There is also a political will to stimulate the stock exchanges, both on the part of companies and local investors. The Japanese government is adopting measures to modernize its business fabric and prioritize the interests of shareholders. “At the end of 2022, a statement was issued urging Japanese companies to return money to owners, either through share buyback programs or the distribution of higher dividends. There has already been an initially strong response from companies, and we hope that the trend will continue,” comments Tedder from Schroders.
Stimuli
Capital Group analysts point to other initiatives that have made listed companies more attractive. “In March 2023, the Tokyo Stock Exchange asked companies to improve profitability, long-term results, and valuations. The aim is for the company to generate a return on equity greater than its cost of capital. The different ways to achieve this include reducing excess liquidity on the balance sheet and eliminating less profitable subsidiaries,” they explain.
And the other leg of this stimulus is that the savings of the Japanese go to the market. “Japan is transforming into an asset management-led nation under the leadership of Prime Minister Kishida. In an effort to unlock nearly $14 trillion of household financial assets tied up in cash deposits,” explains Aneeka Gupta. And she adds: “The features of the Nippon Individual Savings Account (NISA) have been reviewed, which offers tax advantages and portability. Starting in 2024, the maximum investment amounts allowed in the NISA have been increased and investors can enjoy the system’s tax advantages permanently.”
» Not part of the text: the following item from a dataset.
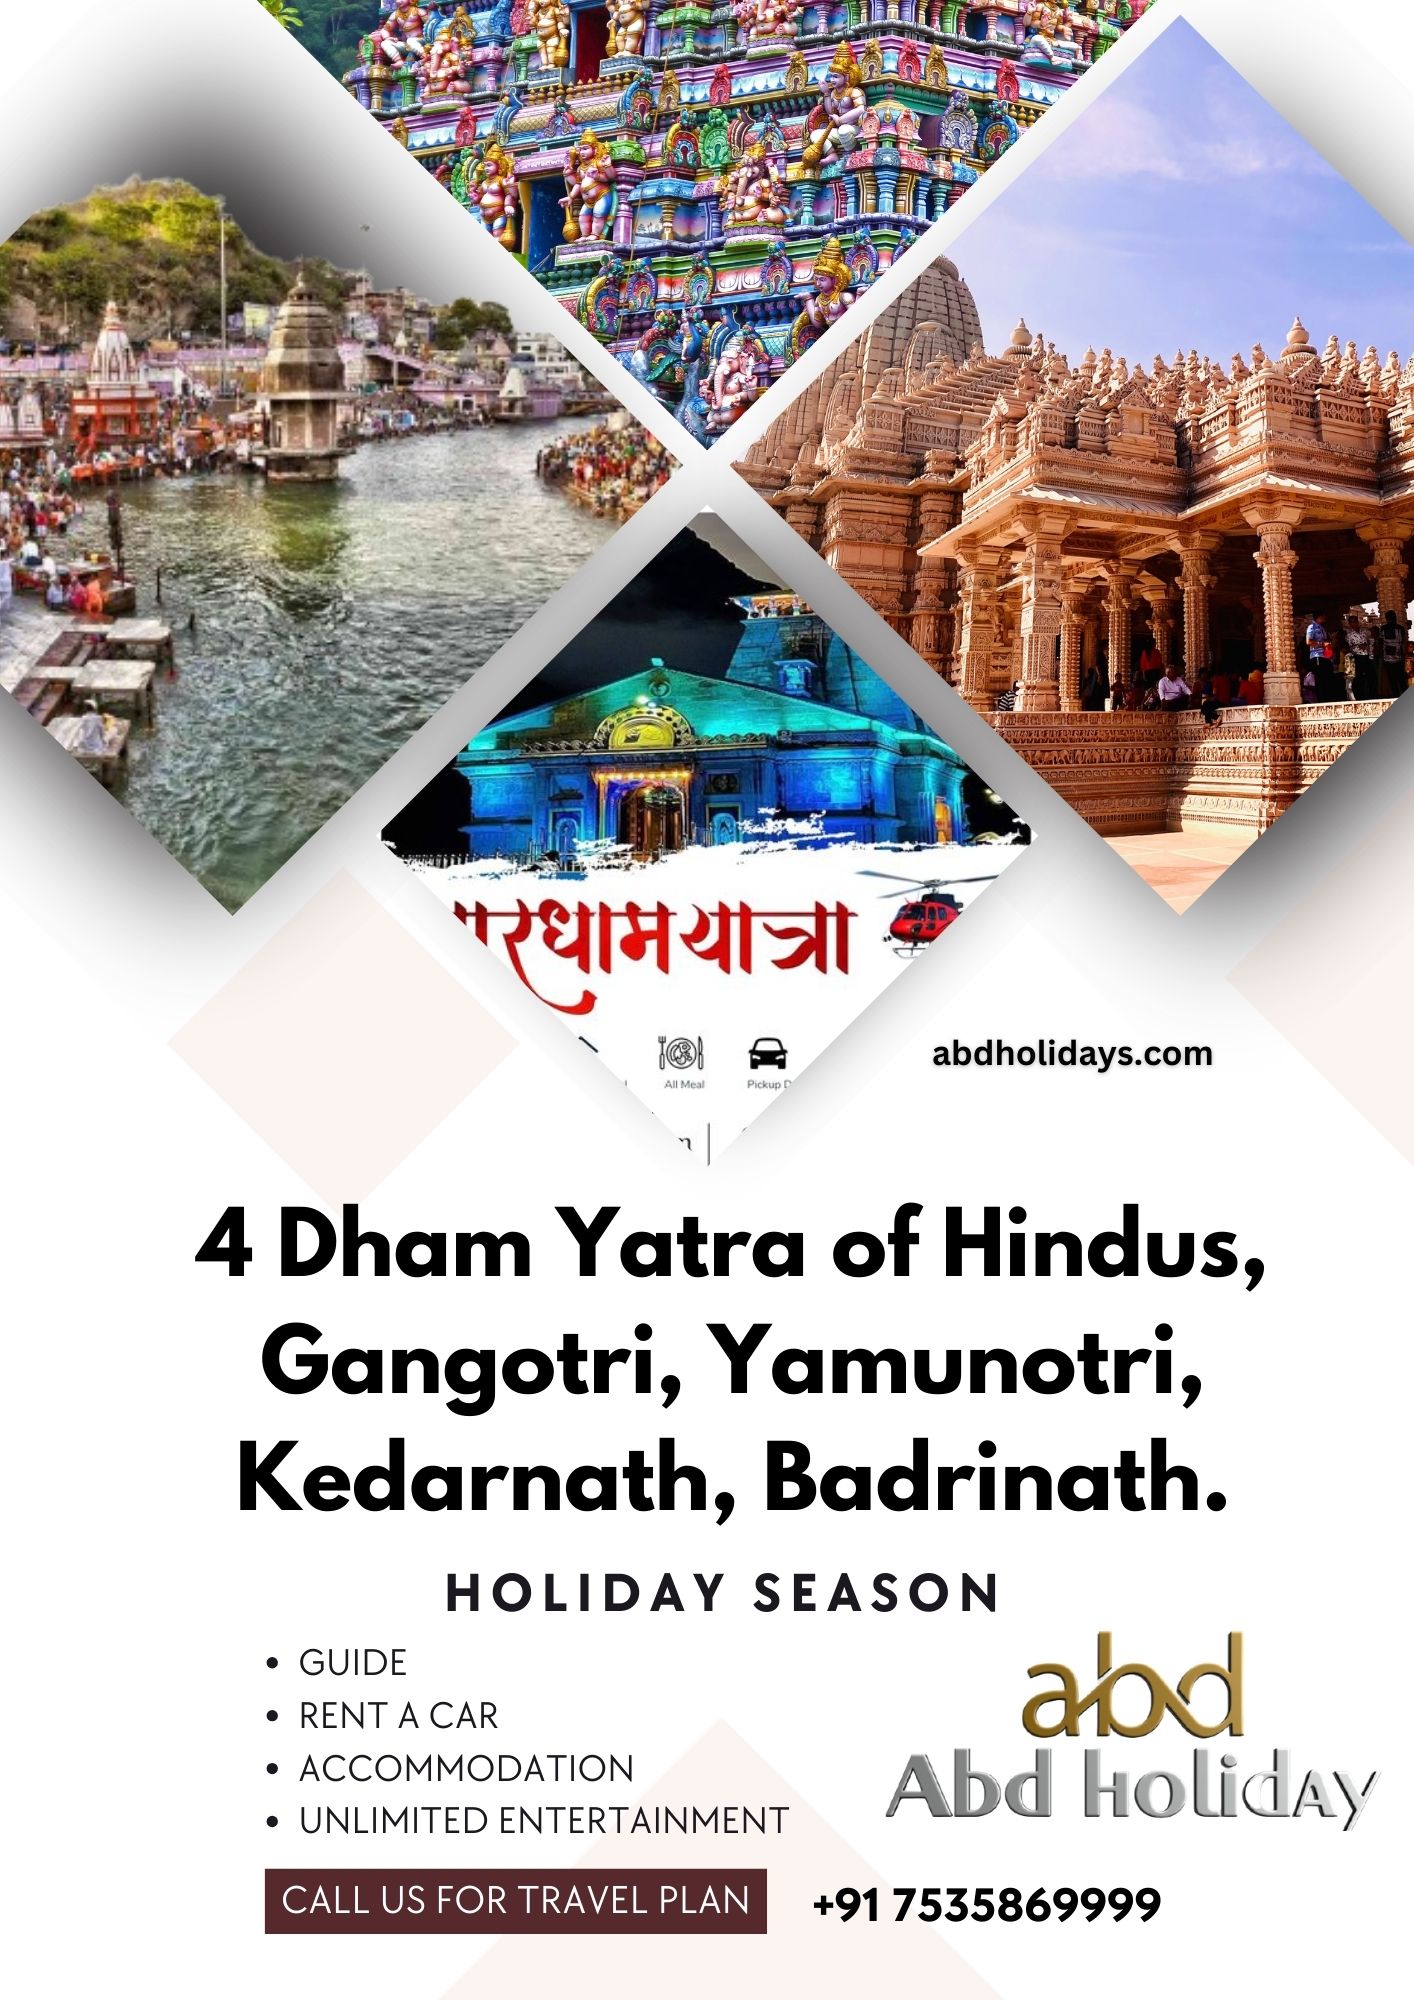 4 Dham Yatra of Hindus, Gangotri, Yamunotri, Kedarnath, Badrinath

Therefore, there is a favorable economic, business, and political context for the Japanese stock market. And it seems that the honeymoon with investors will last. BlackRock believes that the rally in Japanese equities still has some way to go, unlike the false starts that were seen in the past. “Both the macroeconomic outlook and evolution among Japanese companies will drive the next upward leg. We believe that the BOJ will cautiously withdraw its ultra-loose monetary policy so as not to disturb the exit from decades of deflation, and we maintain our overweight rating in Japanese securities,” they conclude.
Keep an eye on salaries
The aging of the population is one of the keys to the Japanese economy. The phenomenon causes strong tensions in wages due to the shortage of labor. In the coming days, negotiations for the 2024 wage increase will be completed. Raphael Olszyna-Marzys, economist at J. Safra Sarasin, says that the Bank of Japan has placed a lot of emphasis on salaries. The phrase “virtuous circle between wages and prices” appears in many of their recent reports, pointing to the possibility that higher wage increases will simultaneously support spending and force companies to raise prices to protect their margins. “This would mean a clear break with the period that began in the late 1990s, when the freeze on wages and prices became the norm.” And he continues: “Several large companies, such as Asahi Beer, Mizuho, and Mitsui Estate, have already announced salary increases of 6% or more.” The higher the salary, the more purchasing power and the more growth.